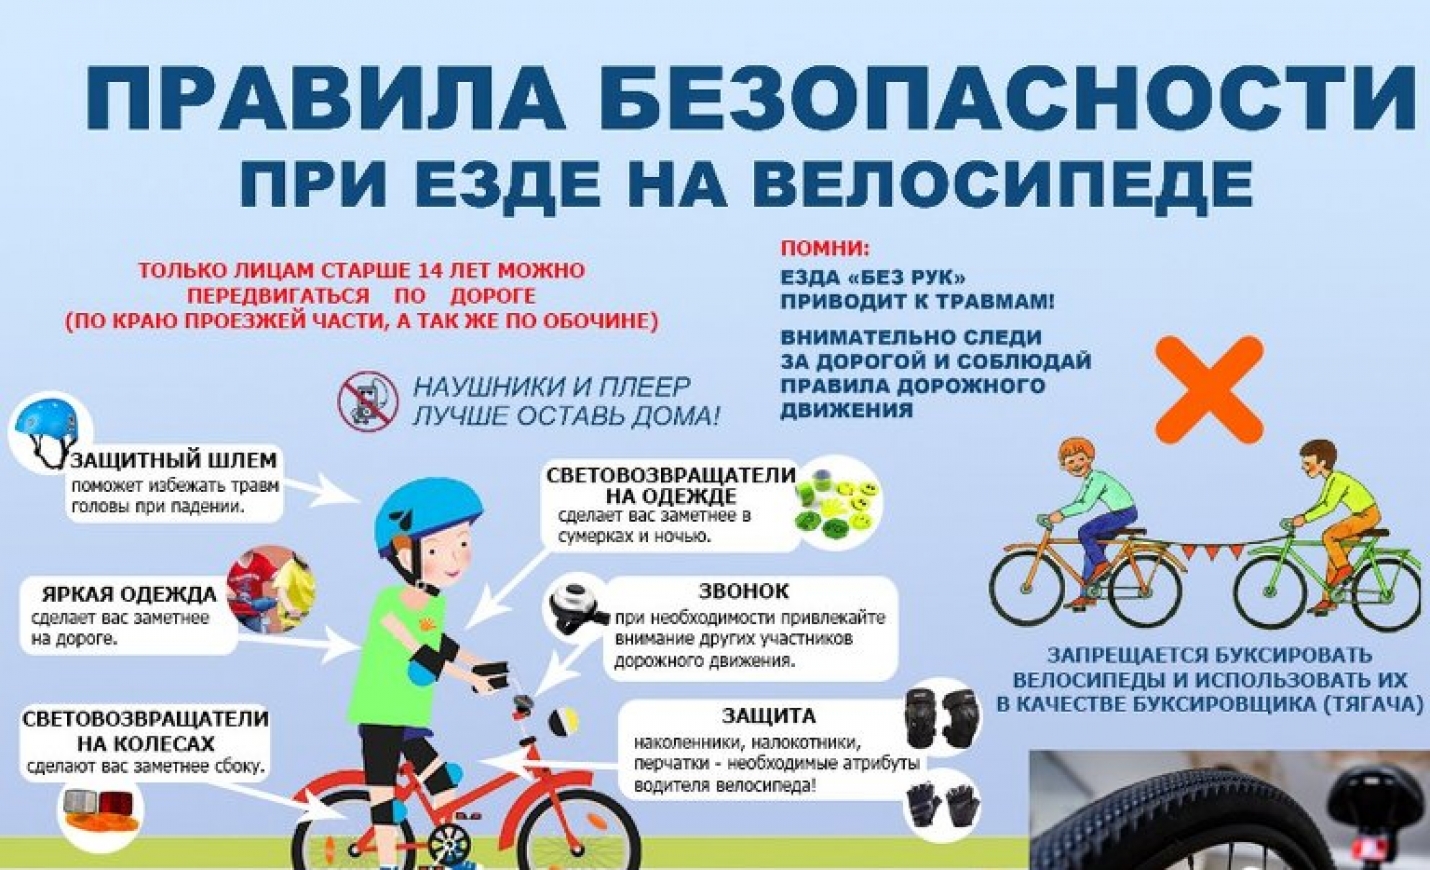 Правила велосипедиста до 14 лет. Памятка ПДД для велосипедистов для детей. Правила для велосипедистов. Безопасность езды на велосипеде. Правила езды на велосипеде.
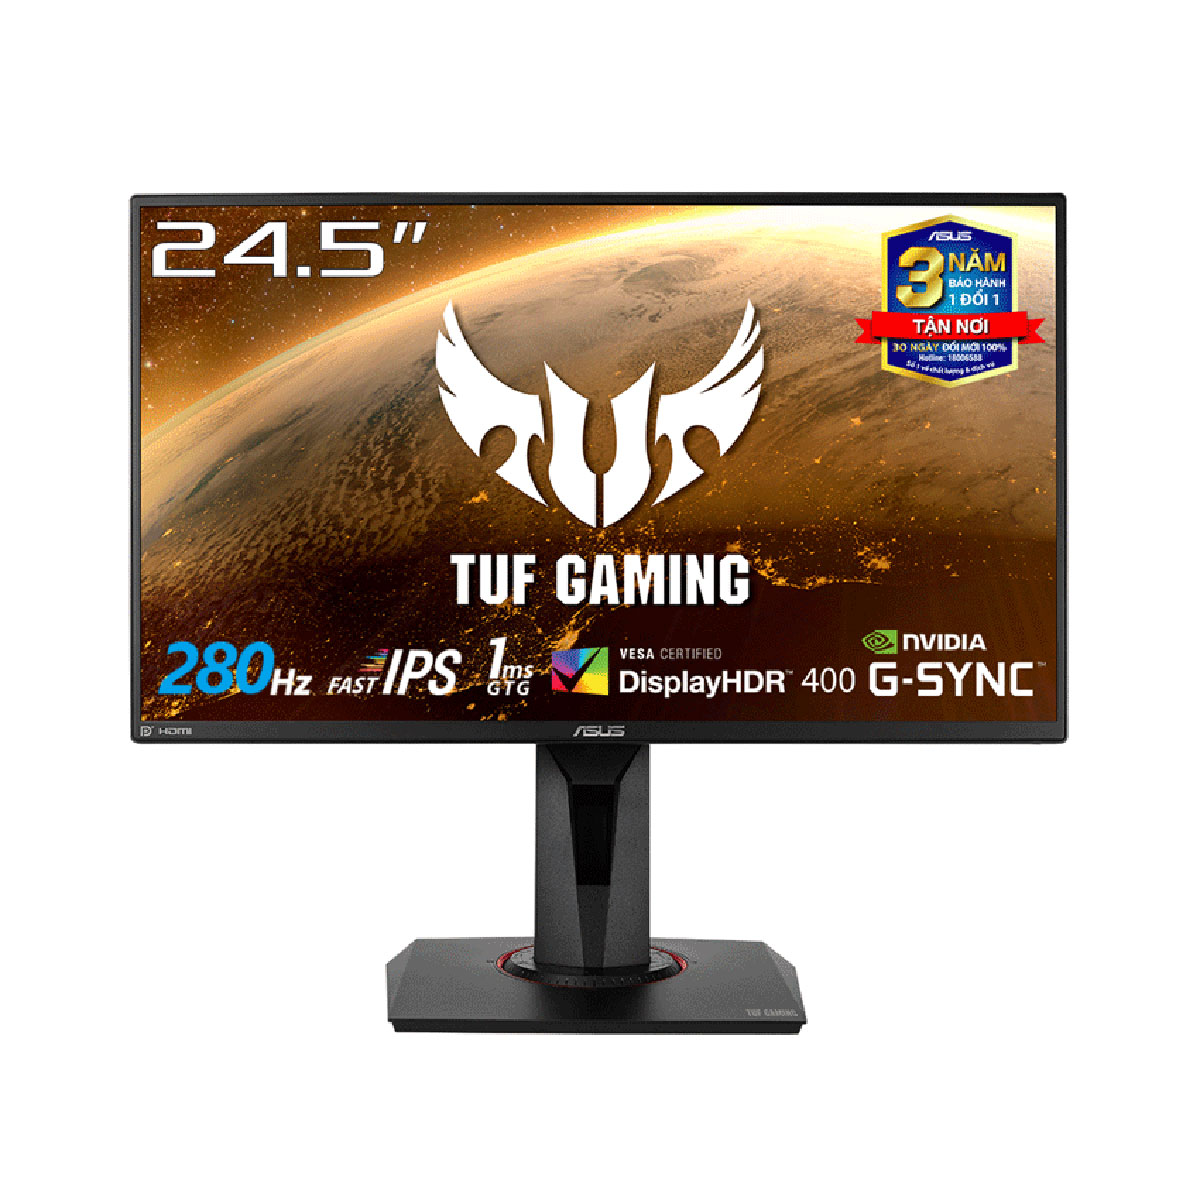 Màn hình máy tính Gaming Asus TUF VG259QM (24.5 inch/FHD/Fast IPS/280Hz/1ms)
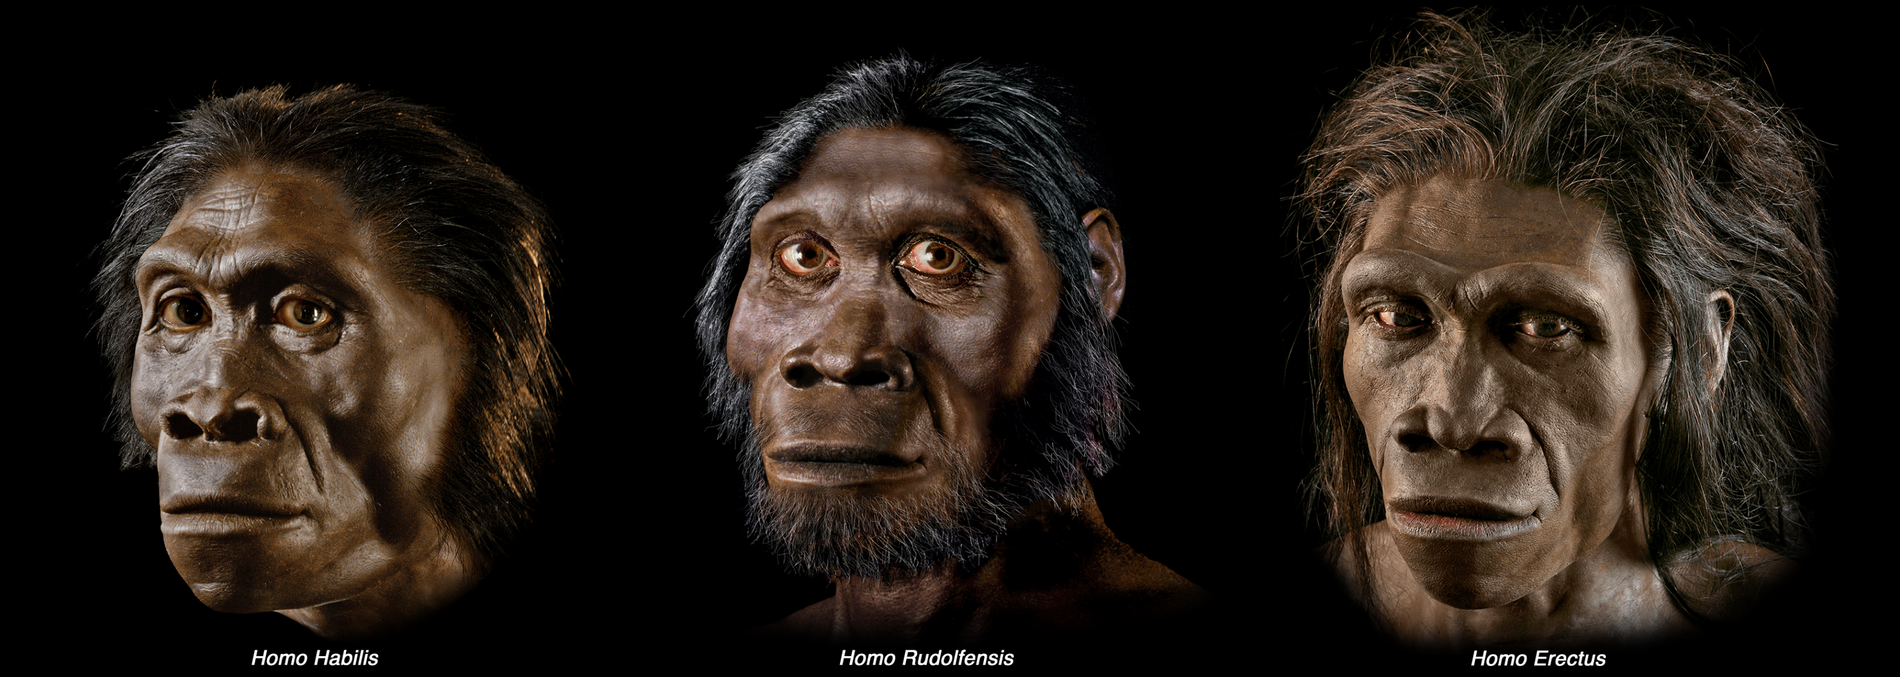 Evolución, nuevas teorías sobre el origen humano
+ + + + +
Copy the listing exactly but drop its images.

 Правила велосипедиста до 14 лет. Памятка ПДД для велосипедистов для детей. Правила для велосипедистов. Безопасность езды на велосипеде. Правила езды на велосипеде.
 Màn hình máy tính Gaming Asus TUF VG259QM (24.5 inch/FHD/Fast IPS/280Hz/1ms)
 Evolución, nuevas teorías sobre el origen humano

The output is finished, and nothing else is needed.